* **WORK ITEM**: From the first line of the entries below, reproduce everything exactly through the line with "Ninja Woodfire Review: Infuse", and nothing more.

--- START ---

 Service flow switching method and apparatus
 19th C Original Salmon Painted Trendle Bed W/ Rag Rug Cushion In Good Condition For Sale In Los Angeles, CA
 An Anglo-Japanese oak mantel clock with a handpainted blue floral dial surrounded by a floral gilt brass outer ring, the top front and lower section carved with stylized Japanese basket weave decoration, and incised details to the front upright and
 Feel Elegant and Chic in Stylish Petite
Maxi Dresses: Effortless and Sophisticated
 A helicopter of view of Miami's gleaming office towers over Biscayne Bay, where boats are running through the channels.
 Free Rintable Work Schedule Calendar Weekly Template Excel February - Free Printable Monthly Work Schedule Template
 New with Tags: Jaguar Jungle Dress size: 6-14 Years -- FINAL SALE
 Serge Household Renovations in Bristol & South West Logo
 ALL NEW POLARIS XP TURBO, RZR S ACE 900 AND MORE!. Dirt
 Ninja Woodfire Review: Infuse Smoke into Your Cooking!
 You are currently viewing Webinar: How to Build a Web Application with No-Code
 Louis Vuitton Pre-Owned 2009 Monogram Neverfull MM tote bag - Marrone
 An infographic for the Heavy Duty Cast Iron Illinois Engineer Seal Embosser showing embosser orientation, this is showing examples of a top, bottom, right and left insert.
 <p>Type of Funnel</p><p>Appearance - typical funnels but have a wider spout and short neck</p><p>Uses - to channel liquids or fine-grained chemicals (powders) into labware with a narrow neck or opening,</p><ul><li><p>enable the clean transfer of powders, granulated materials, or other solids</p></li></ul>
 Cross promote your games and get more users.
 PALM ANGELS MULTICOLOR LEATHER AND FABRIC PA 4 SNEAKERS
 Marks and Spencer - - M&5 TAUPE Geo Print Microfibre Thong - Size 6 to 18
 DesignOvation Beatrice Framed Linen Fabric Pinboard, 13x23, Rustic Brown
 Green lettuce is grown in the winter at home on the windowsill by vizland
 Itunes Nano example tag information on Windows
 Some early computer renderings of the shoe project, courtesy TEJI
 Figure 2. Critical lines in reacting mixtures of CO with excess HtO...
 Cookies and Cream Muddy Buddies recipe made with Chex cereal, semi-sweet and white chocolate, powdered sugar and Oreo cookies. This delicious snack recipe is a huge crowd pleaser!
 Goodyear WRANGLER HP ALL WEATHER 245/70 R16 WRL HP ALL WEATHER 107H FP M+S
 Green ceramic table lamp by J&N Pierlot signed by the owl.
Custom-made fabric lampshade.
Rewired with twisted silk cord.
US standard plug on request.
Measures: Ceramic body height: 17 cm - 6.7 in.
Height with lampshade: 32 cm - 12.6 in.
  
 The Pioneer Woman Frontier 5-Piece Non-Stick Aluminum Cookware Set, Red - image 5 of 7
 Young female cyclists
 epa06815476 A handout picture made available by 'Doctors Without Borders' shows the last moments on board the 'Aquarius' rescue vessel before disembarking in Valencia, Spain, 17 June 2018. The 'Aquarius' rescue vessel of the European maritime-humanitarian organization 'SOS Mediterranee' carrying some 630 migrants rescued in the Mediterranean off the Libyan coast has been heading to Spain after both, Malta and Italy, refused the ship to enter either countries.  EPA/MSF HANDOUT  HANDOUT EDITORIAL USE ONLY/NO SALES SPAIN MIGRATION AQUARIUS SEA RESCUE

--- END ---

* **ANSWER AREA**:
 Service flow switching method and apparatus
 19th C Original Salmon Painted Trendle Bed W/ Rag Rug Cushion In Good Condition For Sale In Los Angeles, CA
 An Anglo-Japanese oak mantel clock with a handpainted blue floral dial surrounded by a floral gilt brass outer ring, the top front and lower section carved with stylized Japanese basket weave decoration, and incised details to the front upright and
 Feel Elegant and Chic in Stylish Petite
Maxi Dresses: Effortless and Sophisticated
 A helicopter of view of Miami's gleaming office towers over Biscayne Bay, where boats are running through the channels.
 Free Rintable Work Schedule Calendar Weekly Template Excel February - Free Printable Monthly Work Schedule Template
 New with Tags: Jaguar Jungle Dress size: 6-14 Years -- FINAL SALE
 Serge Household Renovations in Bristol & South West Logo
 ALL NEW POLARIS XP TURBO, RZR S ACE 900 AND MORE!. Dirt
 Ninja Woodfire Review: Infuse Smoke into Your Cooking!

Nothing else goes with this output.